In its pitch to the city for tax increment financing for the 30 North LaSalle project, the Golub and Corebridge development team claimed it would have “unmatched speed to market” compared to other office-to-residential conversions, due to there already being 12 contiguous floors of vacant space in the building, according to a city slideshow. “Demolition could start immediately upon selection,” the developers’ presentation said, and the first residents could be ready to move in by early 2025.

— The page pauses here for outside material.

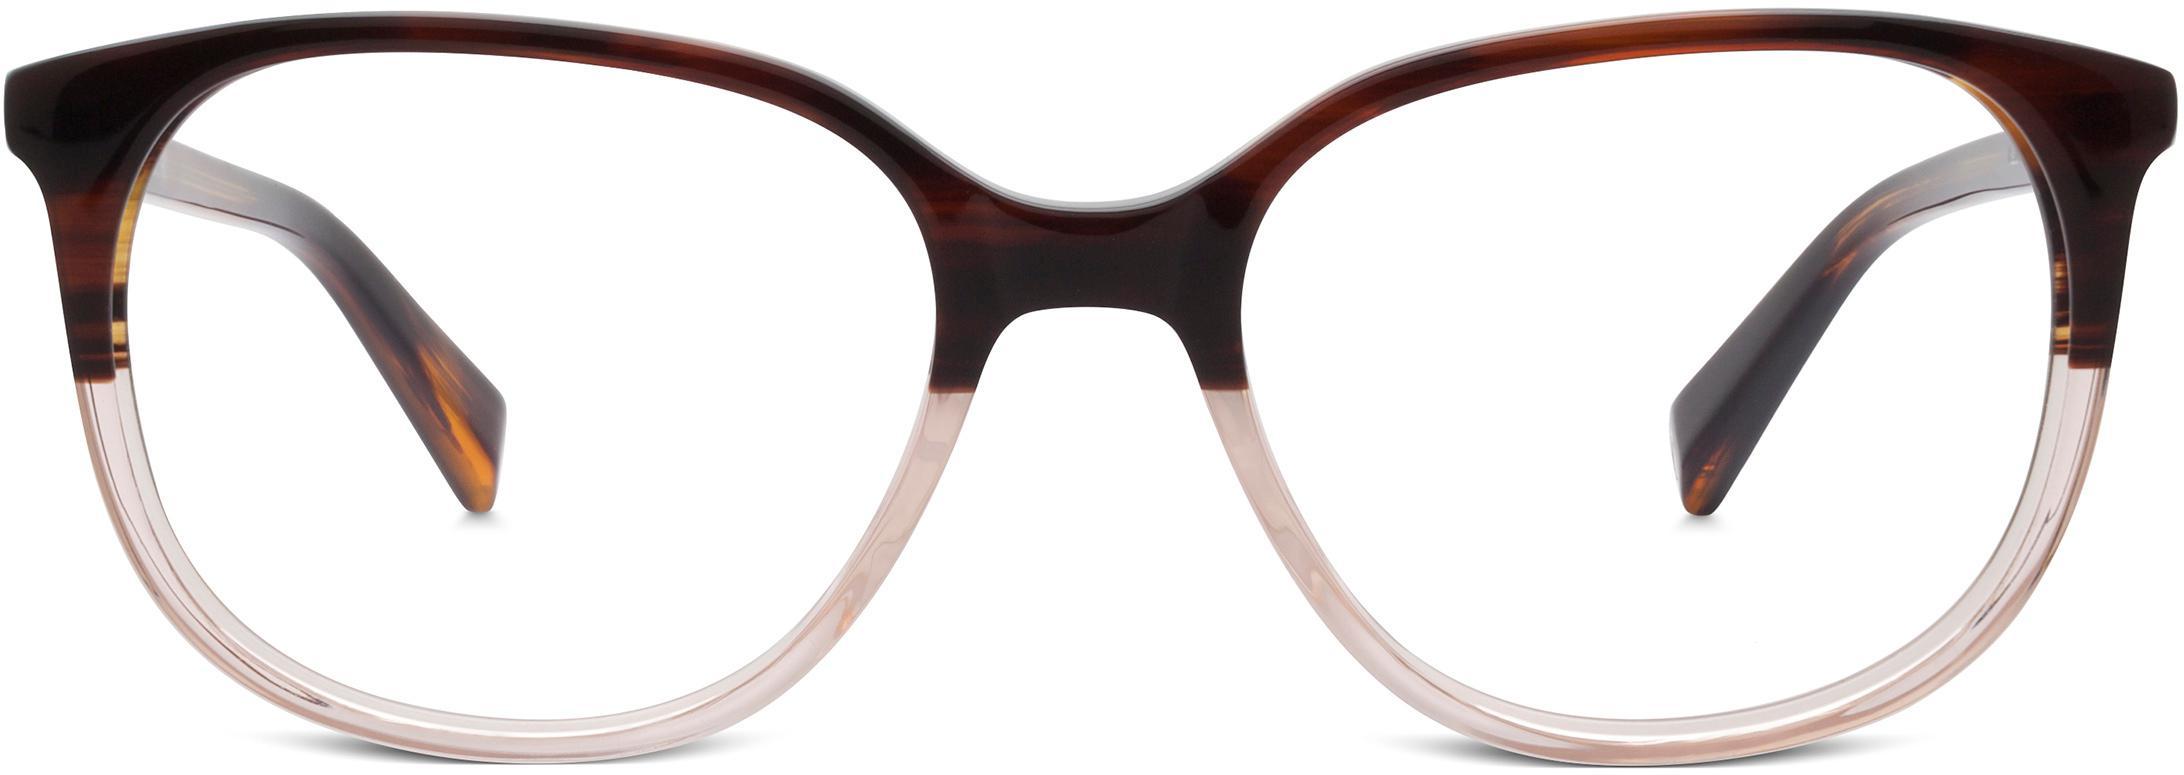 Women\'s Eyeglasses | Warby Parker
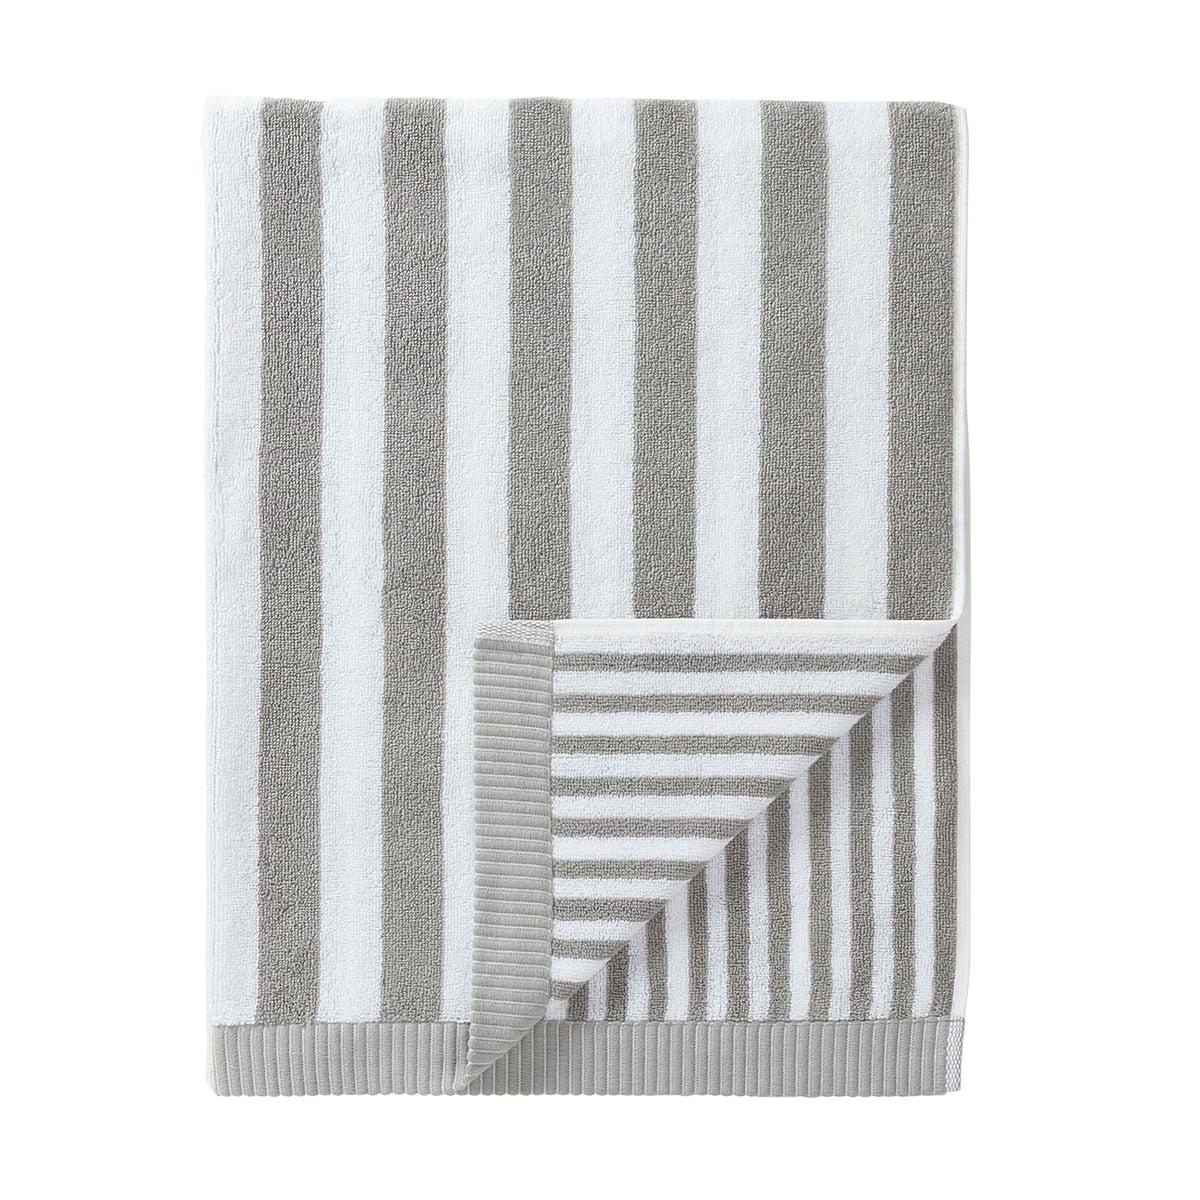 Marimekko - Kaksi Raitaa Badetuch 75 x 150 cm, grau / weiß | Bad > Handtücher | Grau / weiß | marimekko

In a court order from April, Judge Marian Perkins wrote that the AmTrust affiliate that owns the building had not responded to the lender’s motions for foreclosure in court. Perkins’ order also states that the debt owed on the building had ballooned to more than $201 million, due to accrued interest and fees.

The nearly 1-million-square-foot skyscraper is not the only downtown building targeted for redevelopment through the “LaSalle Street Reimagined” effort that has been the subject of a foreclosure suit.

A judgment of foreclosure was entered against landlord Musa Tadros over the historic Clark Adams Building late last year, and Tadros filed for Chapter 11 bankruptcy over a $29 million mortgage on the property in July, temporarily scuttling a scheduled auction of the property.

For AmTrust, the auction of 30 North LaSalle comes a little less than two years after the firm announced it planned on injecting $100 million worth of improvements into its Chicago skyscraper portfolio, which includes the office buildings at 33 West Monroe Street, the two-building Illinois Center property in the East Loop, and the 41-story property at 1 East Wacker Drive.

While AmTrust’s distressed former Bank of America building at 135 South LaSalle Street was left off the list of buildings slated for improvements, the firm said it planned to start its renovation plans at 30 North LaSalle. It’s unclear how the foreclosure or auction impacted those plans.

Bennett said AmTrust has conducted a full evaluation of its Chicago portfolio over the past year and is in the process of developing a business plan for each property.

Editor’s note: This story was updated to add statements from AmTrust’s Jonathan Bennett and the city of Chicago, and to note a Corebridge Financial spokesperson declined to comment.